A hierarchical framework pairs an object-centric world model for subgoal planning with a diffusion policy for execution to handle multi-stage robotic tasks.

A machine-rendered reading of the paper's core claim, the machinery that carries it, and where it could break.

The paper introduces WorldDP as a two-level system for robotic manipulation. A high-level world model acts as a transition function inside model predictive control to generate feasible subgoals at runtime. Object-centric representations let the model plan with respect to individual entities rather than the full scene. These subgoals are then passed to a low-level diffusion policy that executes the motions efficiently.
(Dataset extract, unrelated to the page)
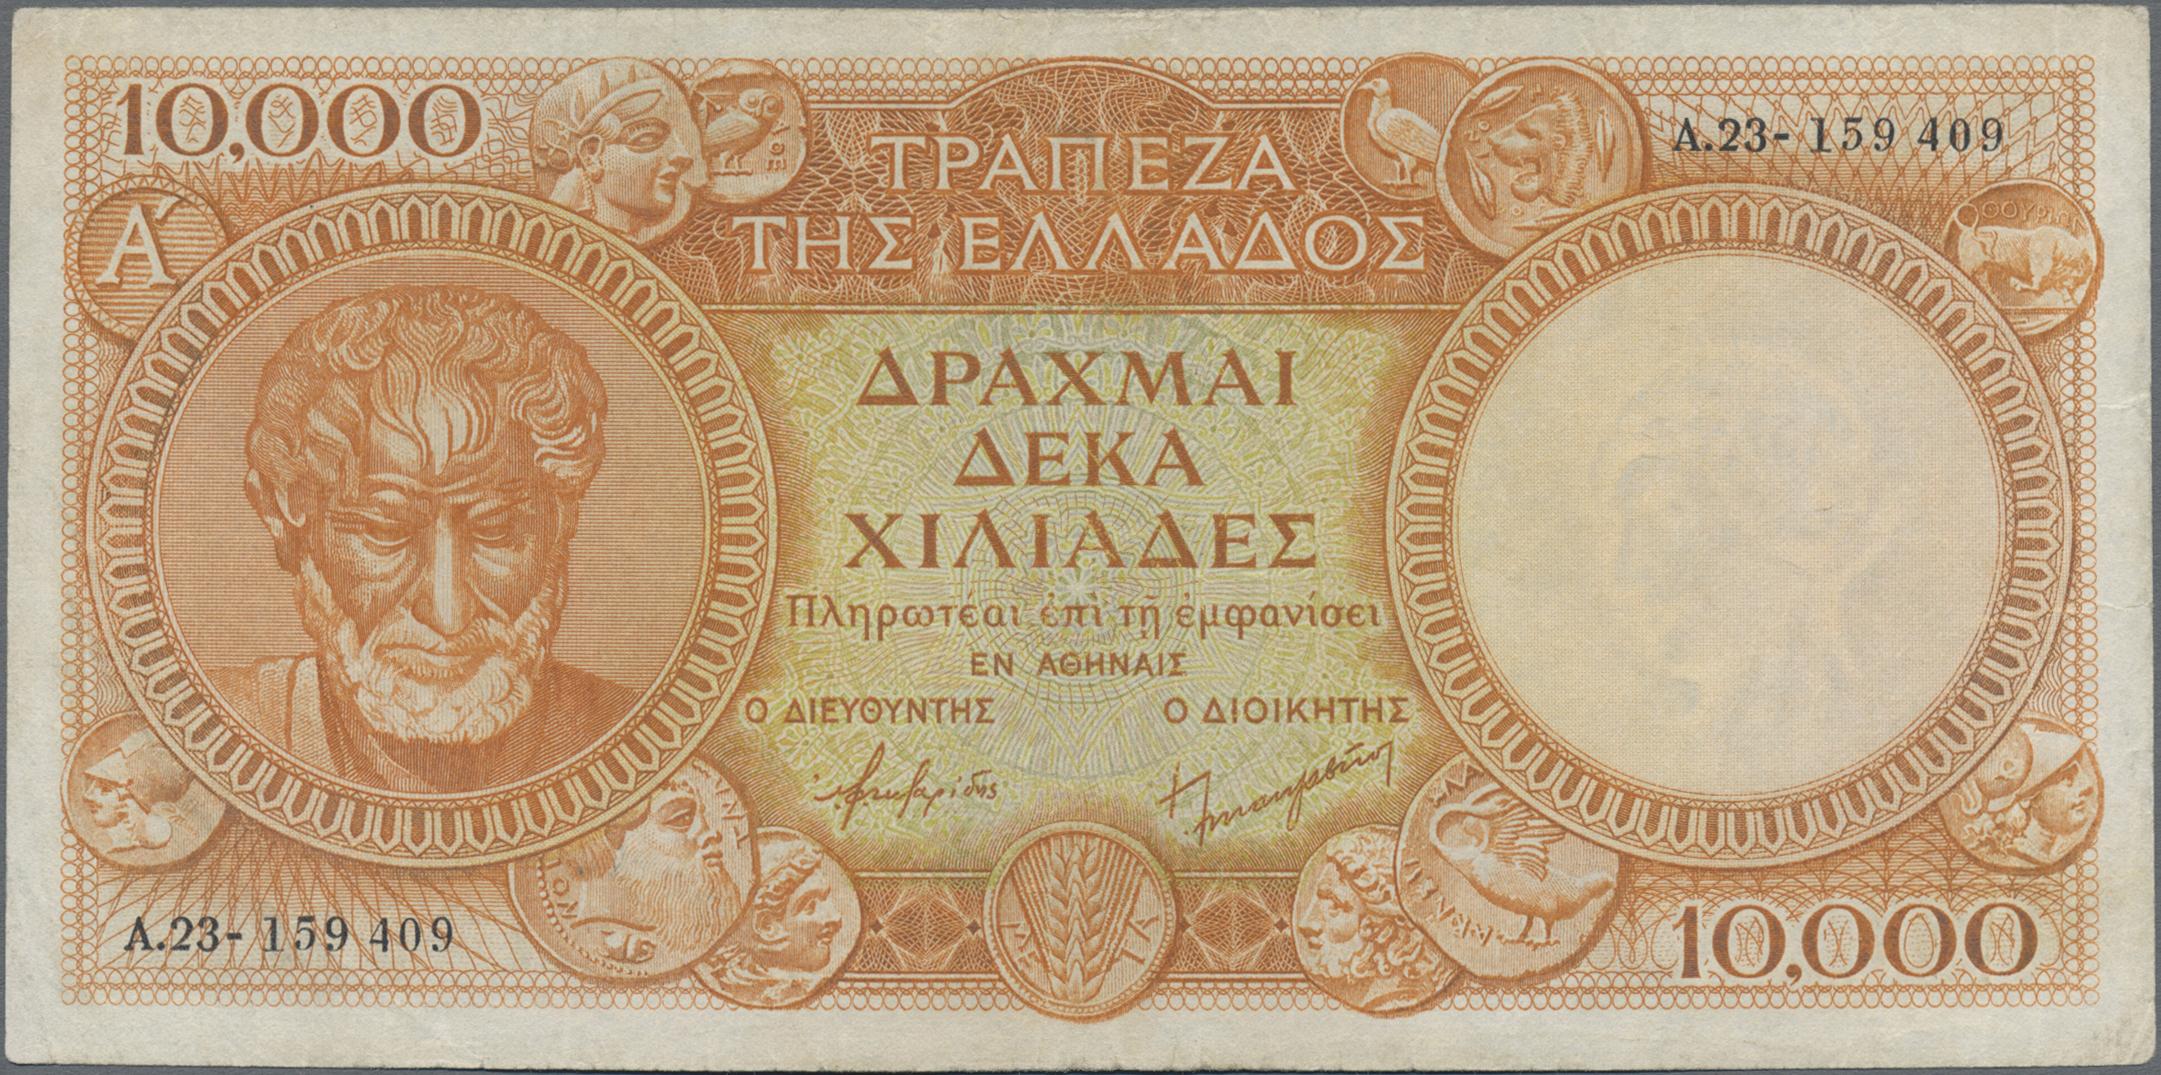 Lot 00366 - Greece / Griechenland   Banknoten  -  Auktionshaus Christoph Gärtner GmbH & Co. KG Sale #48 The Banknotes

Tests across multiple robotics benchmarks show the combined system outperforms prior single-level approaches on sequential tasks.

Core claim

The paper claims that using an object-centric world model to optimize subgoals during runtime and feeding those subgoals to a diffusion policy for low-level control produces better results on multi-stage manipulation than either component alone or existing baselines.

What carries the argument

The hierarchical WorldDP structure, in which the high-level world model optimizes feasible subgoals via object-centric representations and the low-level diffusion policy reaches them.

If this is right

  • The approach enables sequential planning with respect to each decoupled object rather than the entire environment.
  • Coupling physically grounded planning from the world model with efficient execution from the diffusion policy improves multi-stage task success.
  • Object-centric decoupling aids both dynamics learning and runtime subgoal selection in manipulation settings.
  • The framework extends world-model MPC beyond single-stage reaching or grasping to full sequential tasks.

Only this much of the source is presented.